Samotność ofiar. Oto nowe Campo di Fiori. Jeszcze jeden stos wzniesiony dla heretyków tępej siły imperium i racji legitymizowanej zniewoleniem. Ukraińcy doświadczyli niemało solidarności w świecie. Za mało jednak, by nie czuli się osamotnieni. Opuszczenie polityczne czy militarne – one nie są ostateczne, można je negocjować i, przynajmniej po części, im zapobiegać. Jest jednak inne opuszczenie – w inności bycia ofiarą, a co za tym idzie, w samotności doświadczenia prawdy o przemocy i wojnie. Boli śmierć najbliższych, bolą głód, zniszczenie i poniewierka, ale równie, a czasem bardziej – tak, naprawdę – boli osamotnienie w prawdzie. Świat, a więc my/ja, może mieć najlepsze intencje, może słuchać swoich racji, może mówić, że nic nie jest czarno-białe, powtarzać odwieczną mantrę o pokoju i o tym, że humaniści powinni trzymać się z dala od broni… I nawet przez myśl mu nie przejdzie, że może tym ranić ofiary wojny, pogłębiając ich samotność.

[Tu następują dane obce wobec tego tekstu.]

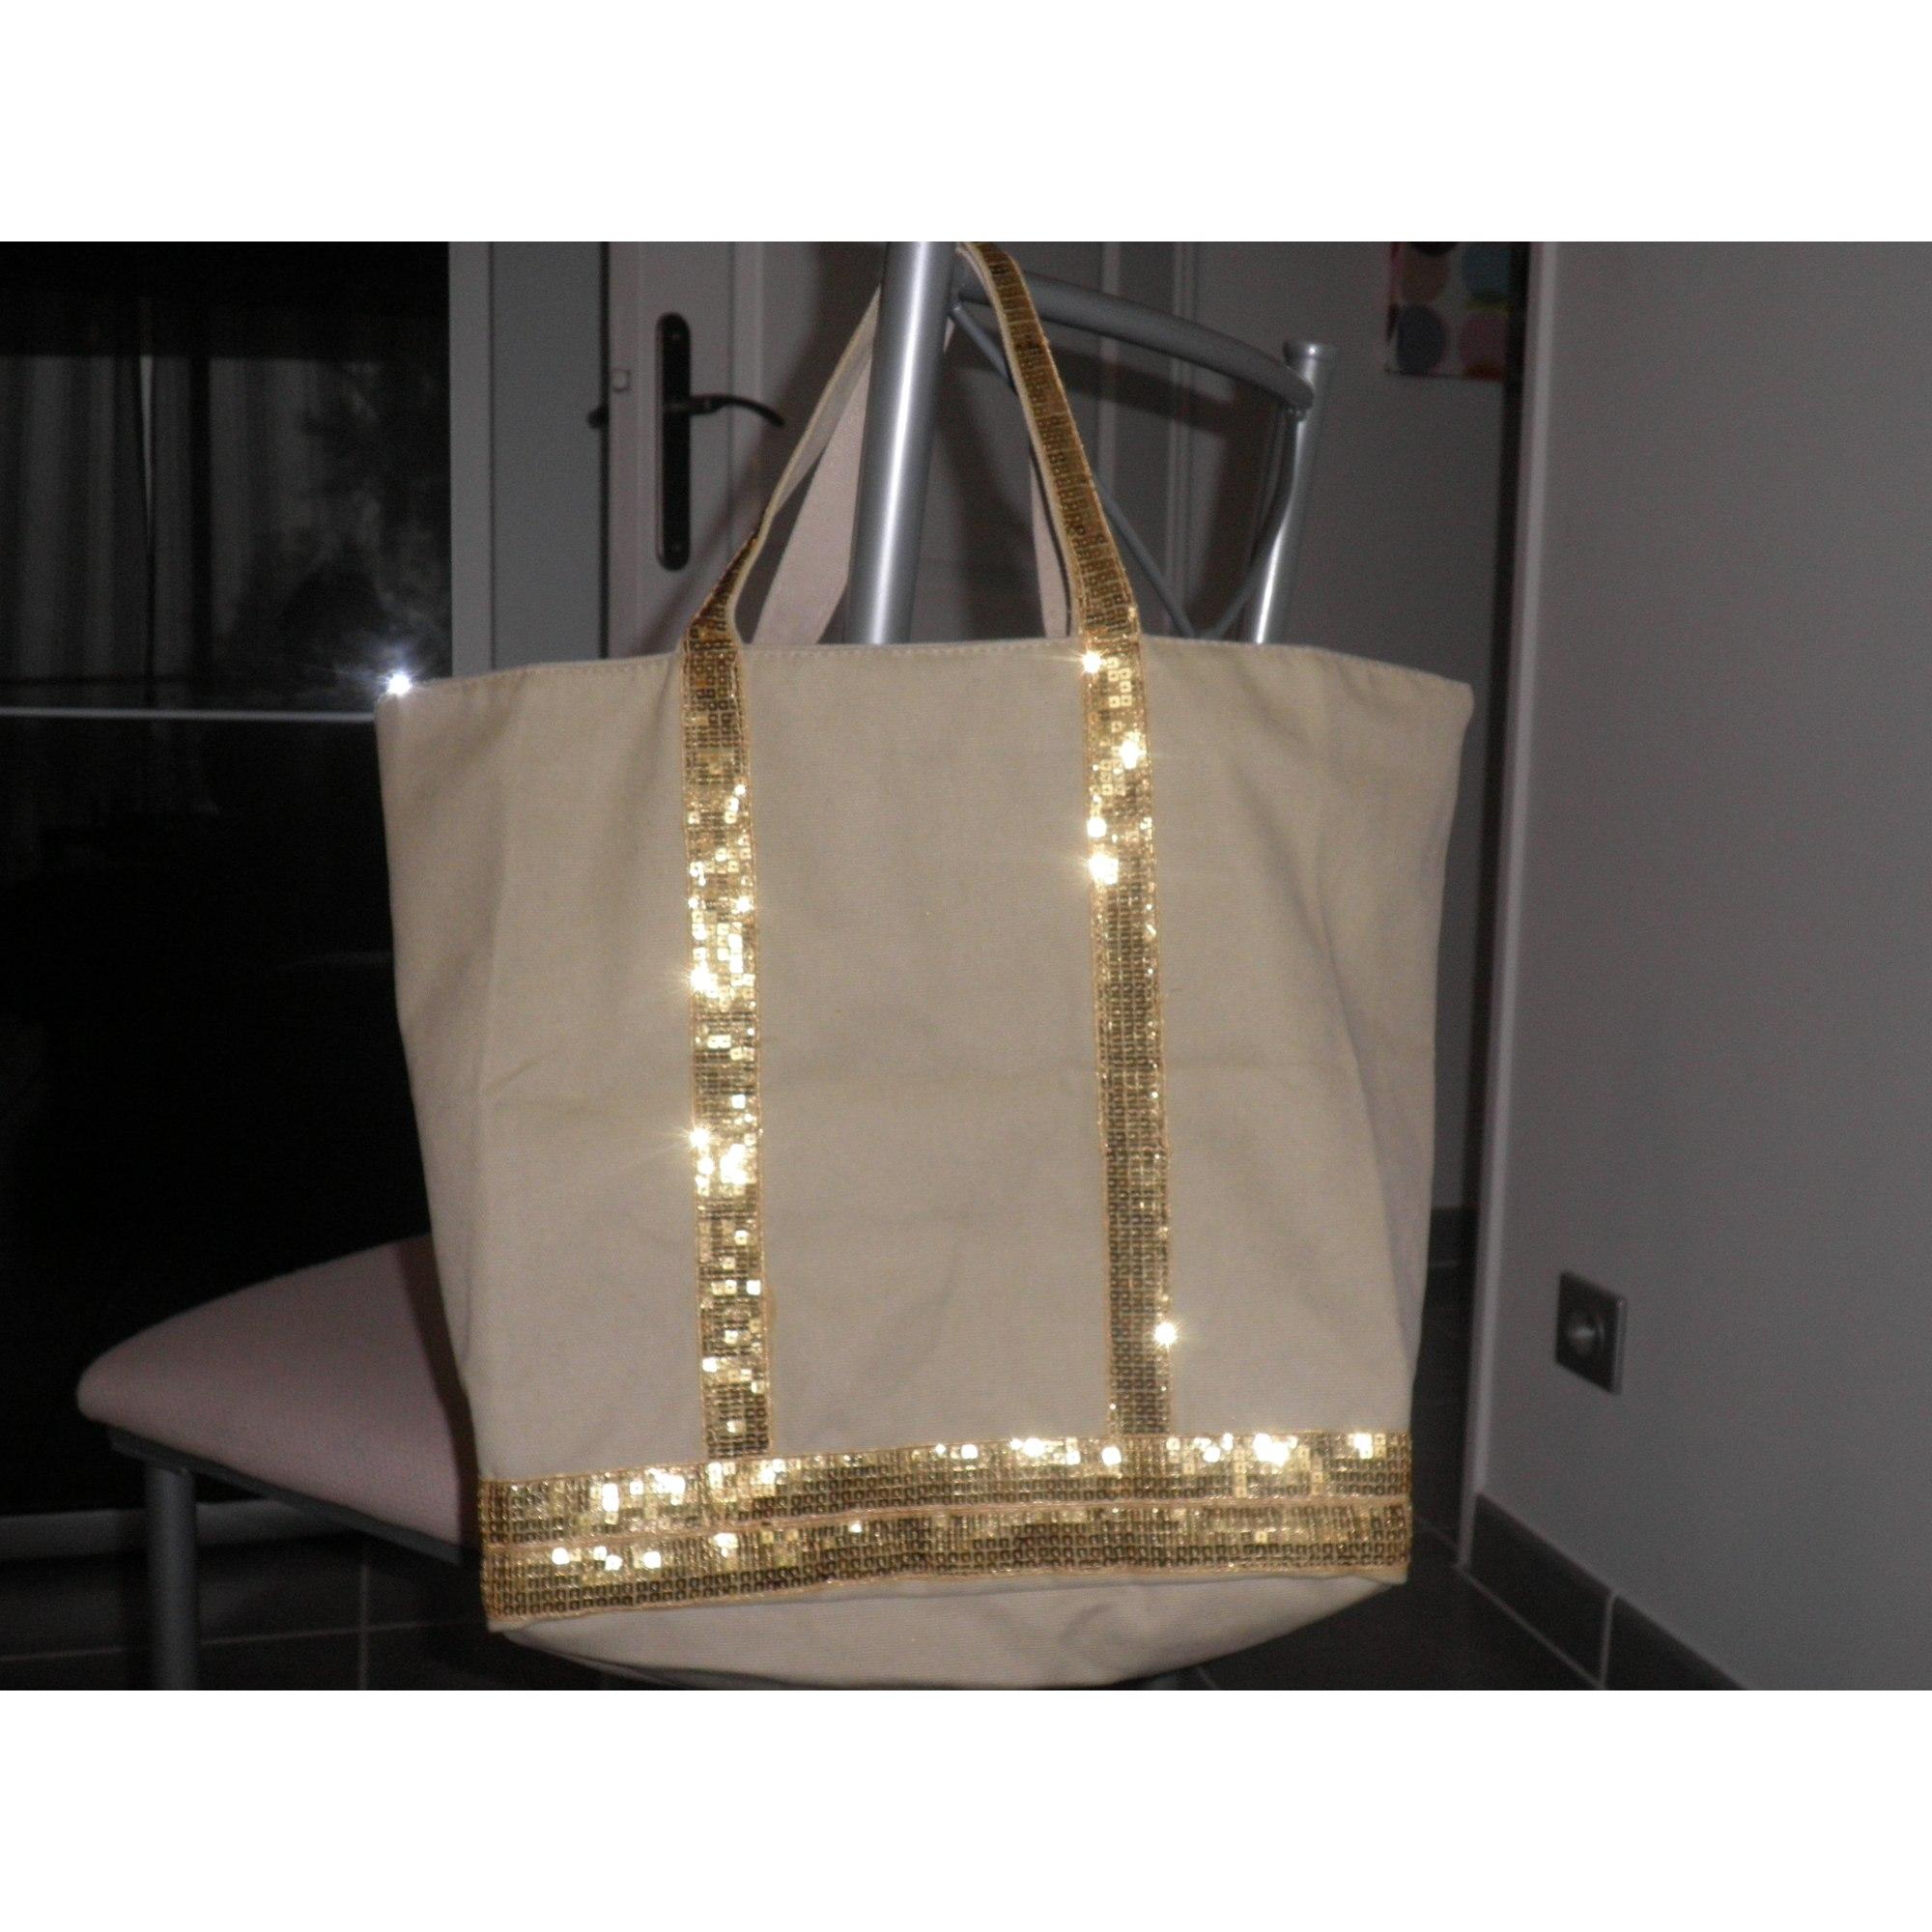 4f60787580 Sac à main en tissu VANESSA BRUNO beige vendu par Mélanie ...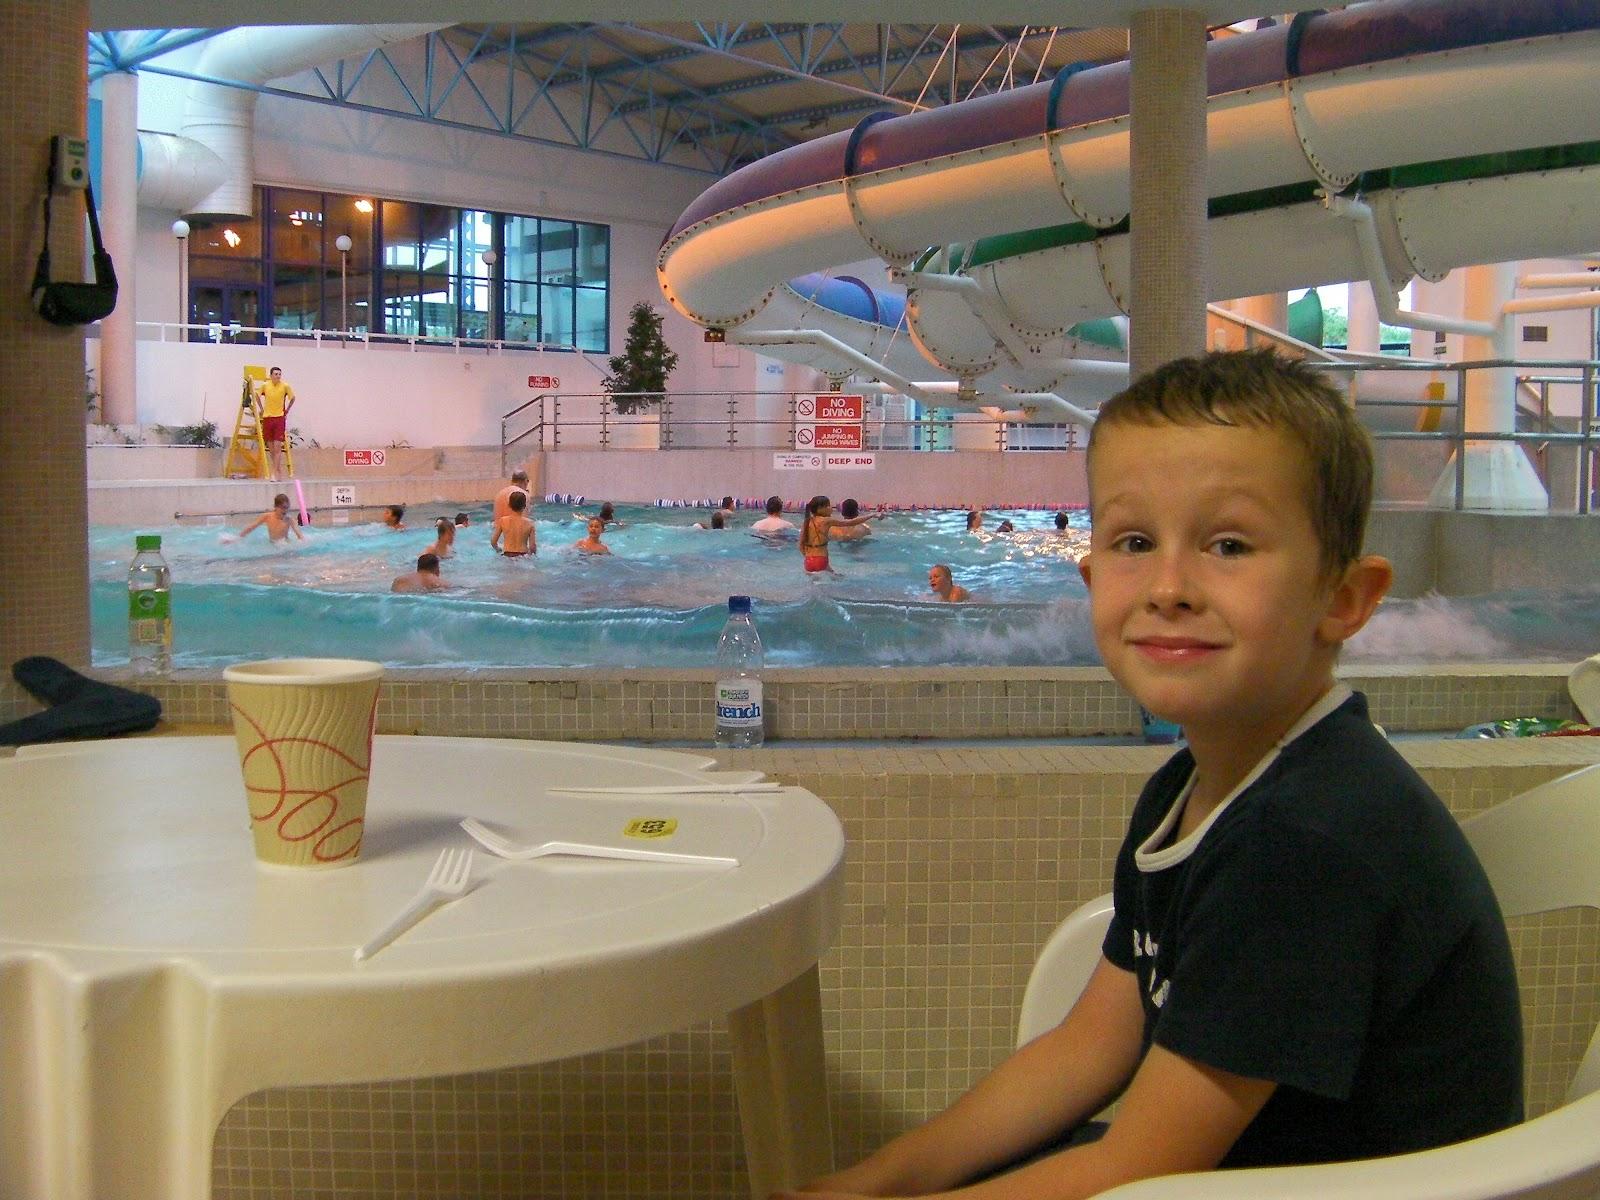 Professor mungleton september 2012 for Pyramid swimming pool portsmouth

Co można na to poradzić? Niejedno. Waży każda forma solidarności i pomocy. Ważne, abyśmy zrozumieli, że w Ukrainie pomoc militarna nie jest osobną formą wsparcia, lecz stanowi część pomocy humanitarnej, decydującej o egzystencjalnym być albo nie być. Wiem, że to może się kłócić z racjami wielu, tak jak kłóciło się z moimi. Ale to jest właśnie ten moment, w którym możemy przełamać samotność ofiar, a przynajmniej radykalnie się do nich zbliżyć. Tak, czasem za cenę przełamania siebie. Zrozumiałem to w oblężonym Sarajewie. Trzy lata trwało zabijanie tysięcy jego mieszkańców, przy akompaniamencie światowej orkiestry głosów przekonujących, że nasz humanizm powinien poprzestać na dożywianiu ofiar. Kto raz przyjmie do siebie samotność ginących, ten nie rozstanie się z nią do końca życia i na świat patrzeć będzie innymi oczami. A przy każdej kolejnej eskalacji przemocy, zanim da przemówić swoim racjom, będzie się starał wsłuchać w głos ofiary. Może to najwięcej, co możemy zrobić dla przełamania ich samotności – dać przemówić gwałconym i zabijanym, otworzyć się na prawdę heretyków zniewolonego umysłu.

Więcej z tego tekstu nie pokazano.